> _ACTION ITEM_:
Your task is to transcribe the data exactly while omitting each picture.
── DATA SEGMENT ──
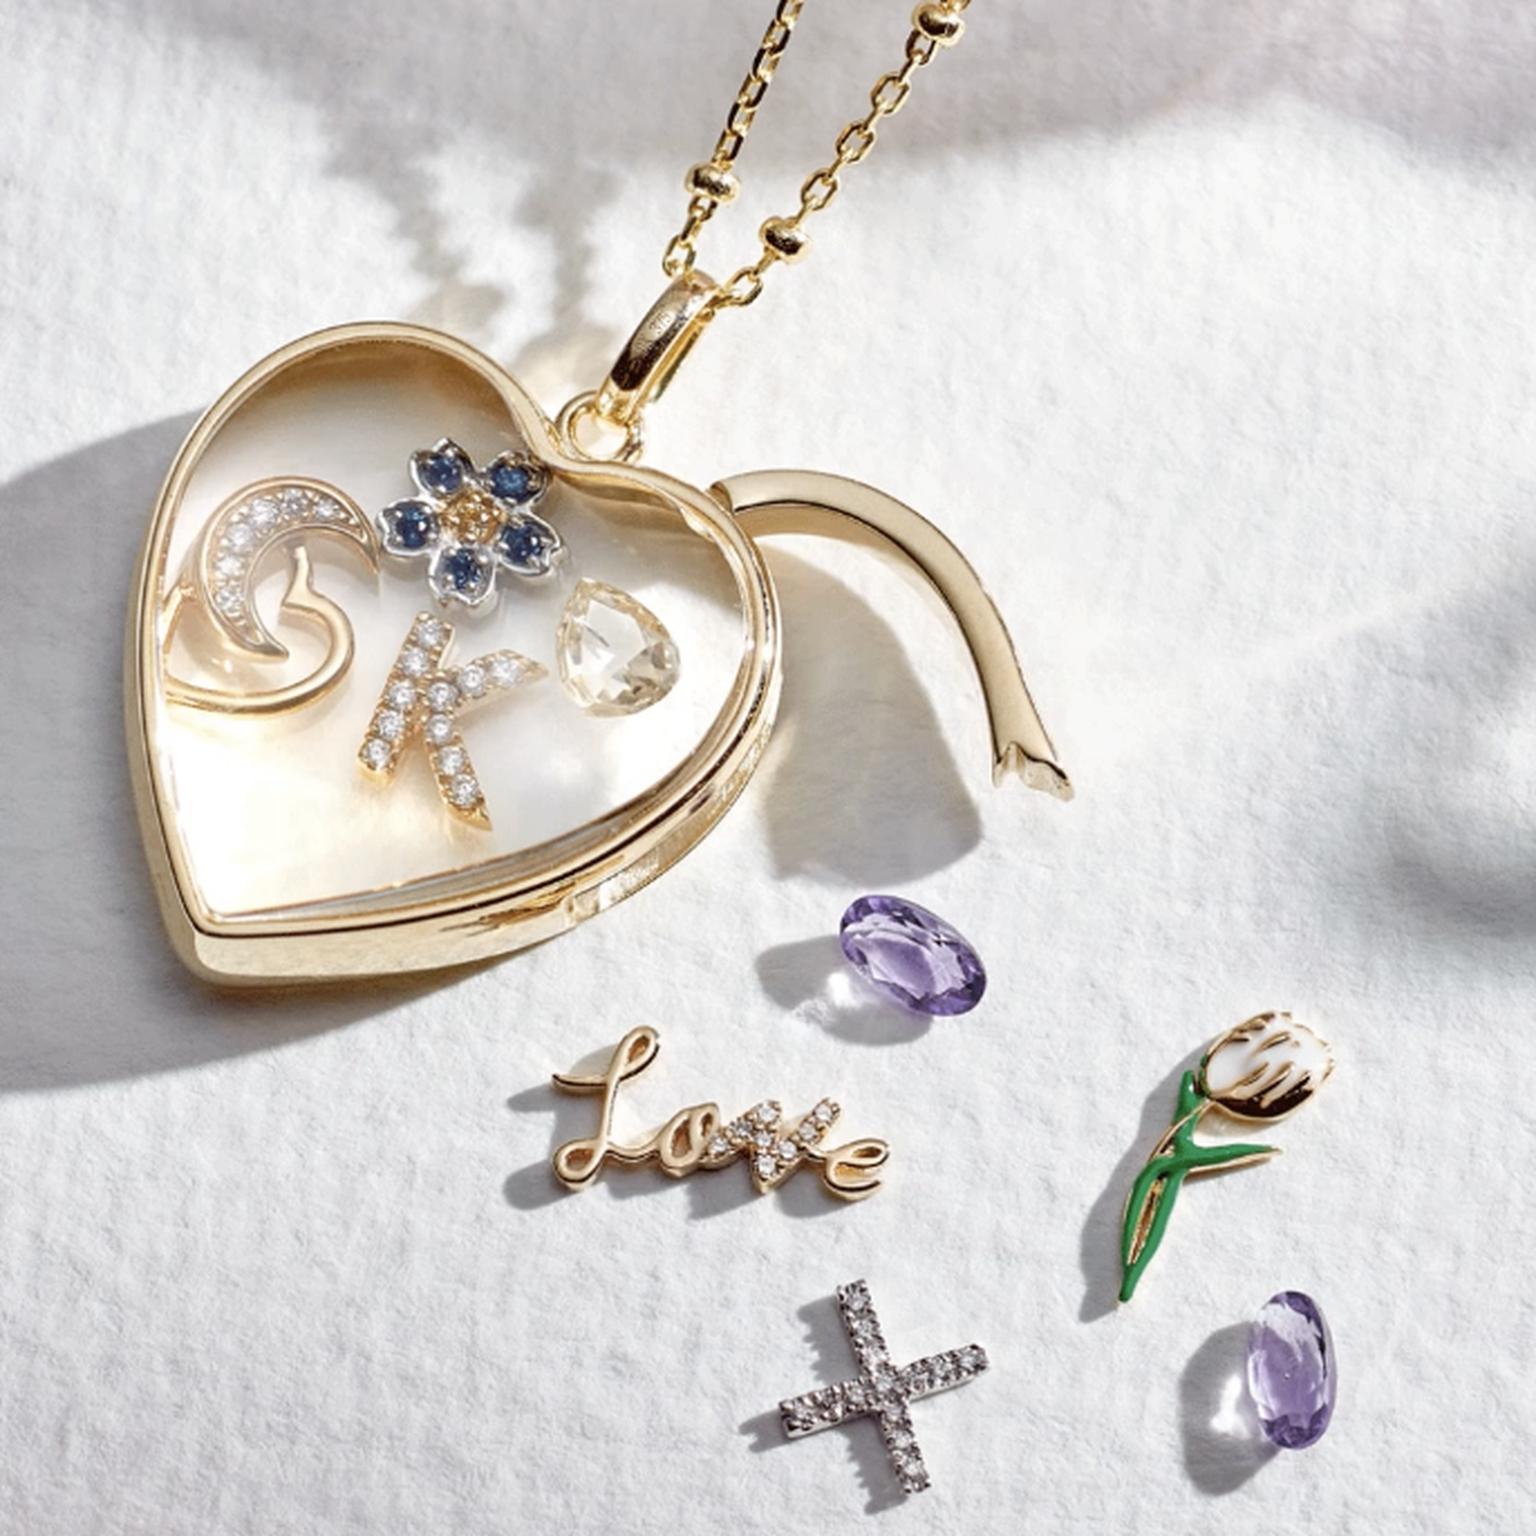 Build your locket love pendant by Loquet
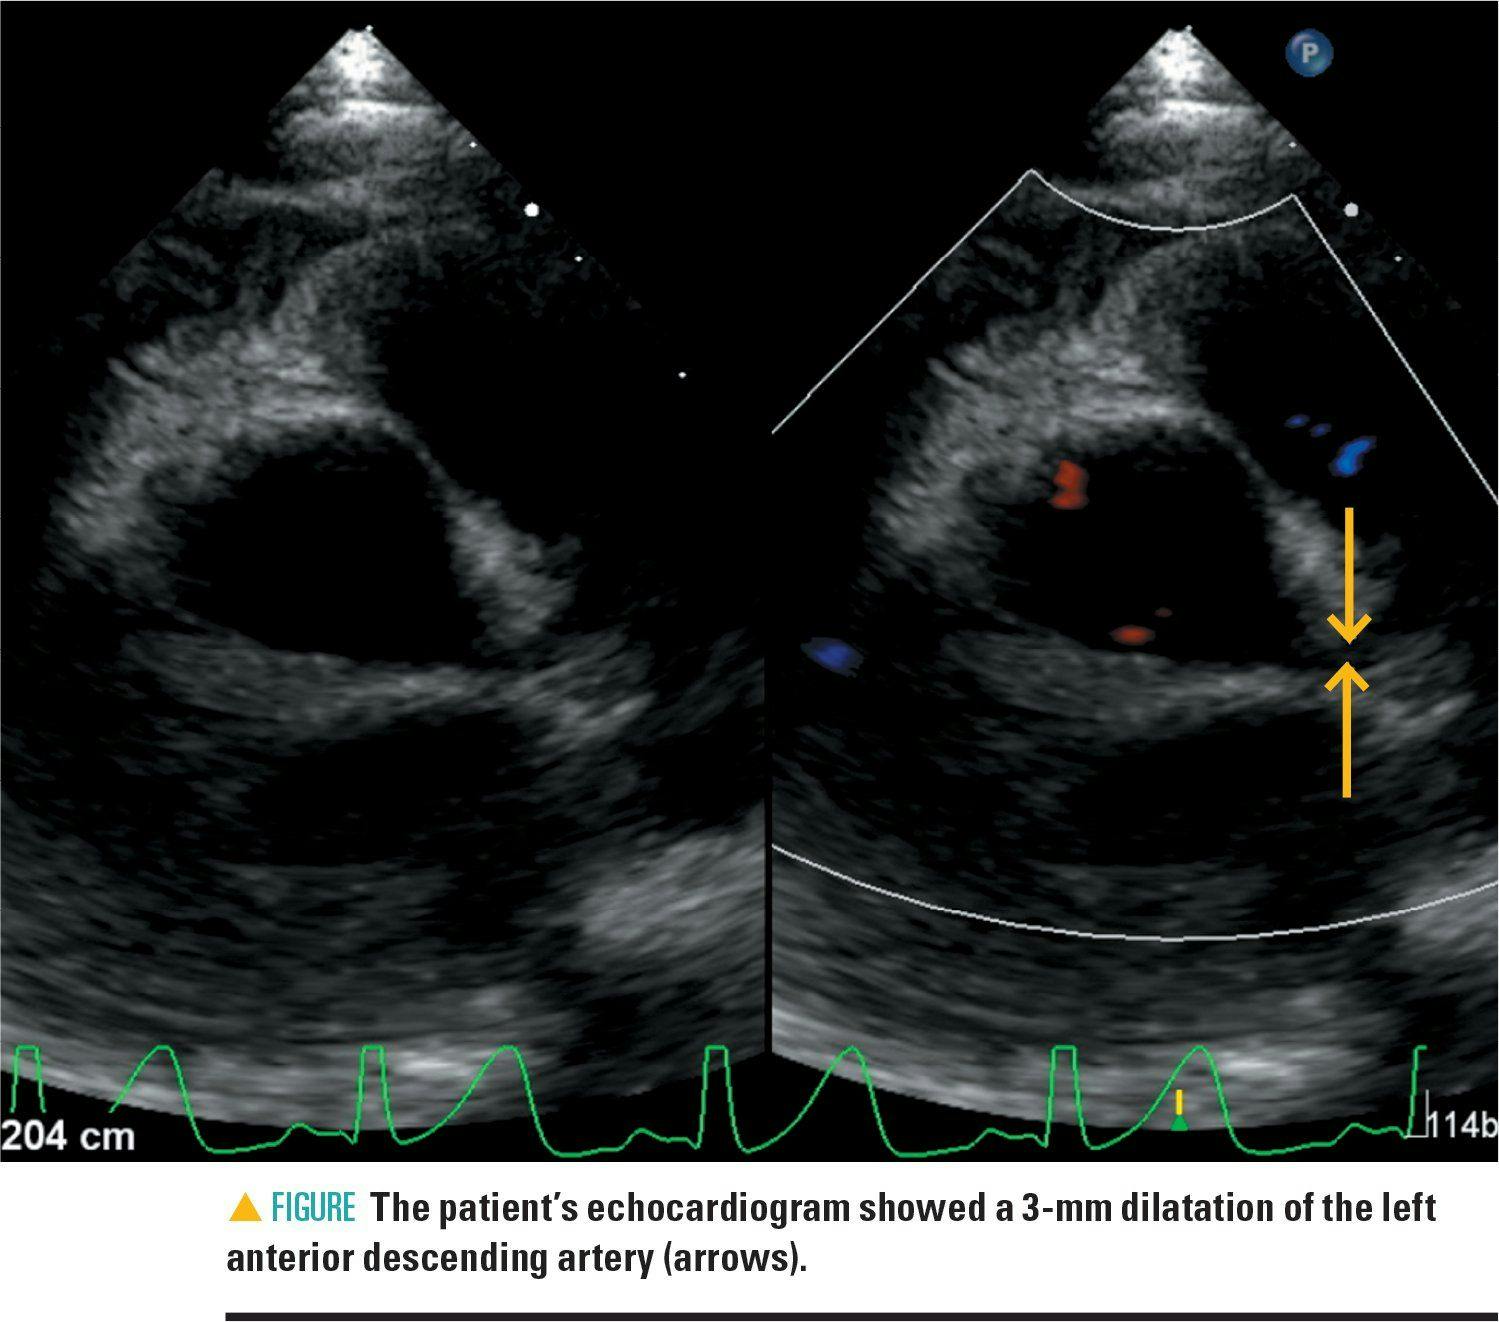 Patient's echocardiogram shows a 3-mm dilation of the left anterior descending artery
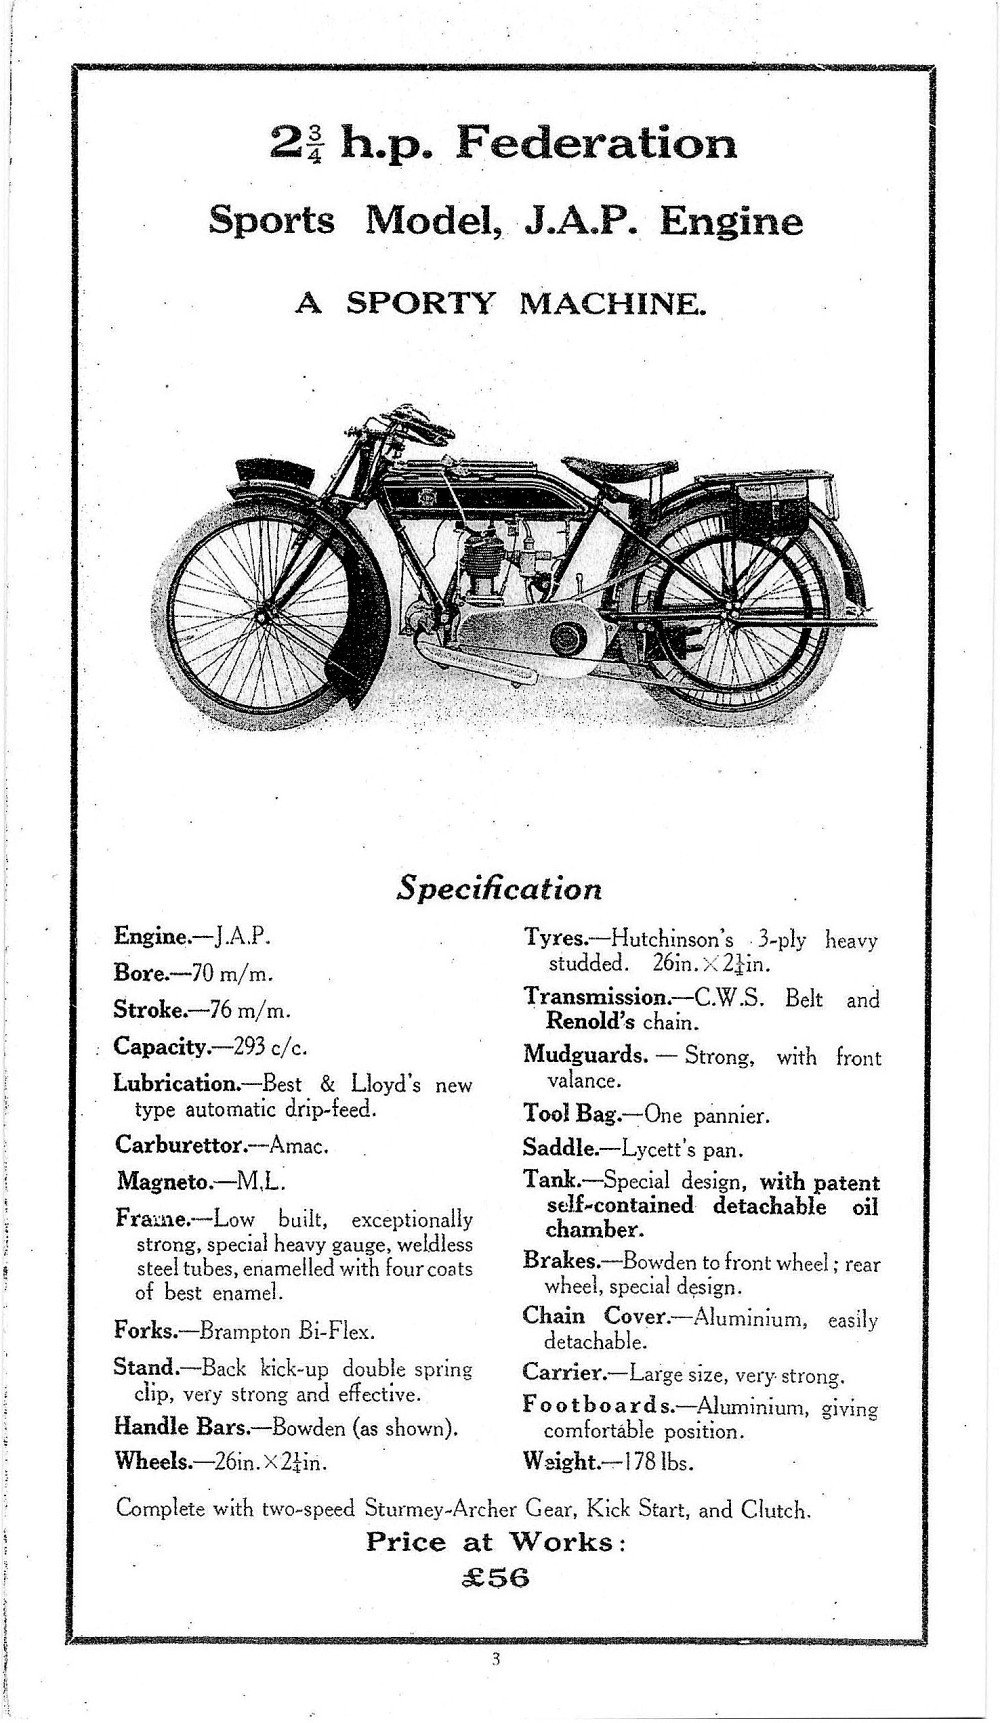 CWS Brochure 1923 3
───
> _EXPECTED ANSWER_:
 Build your locket love pendant by Loquet
 Patient's echocardiogram shows a 3-mm dilation of the left anterior descending artery
 CWS Brochure 1923 3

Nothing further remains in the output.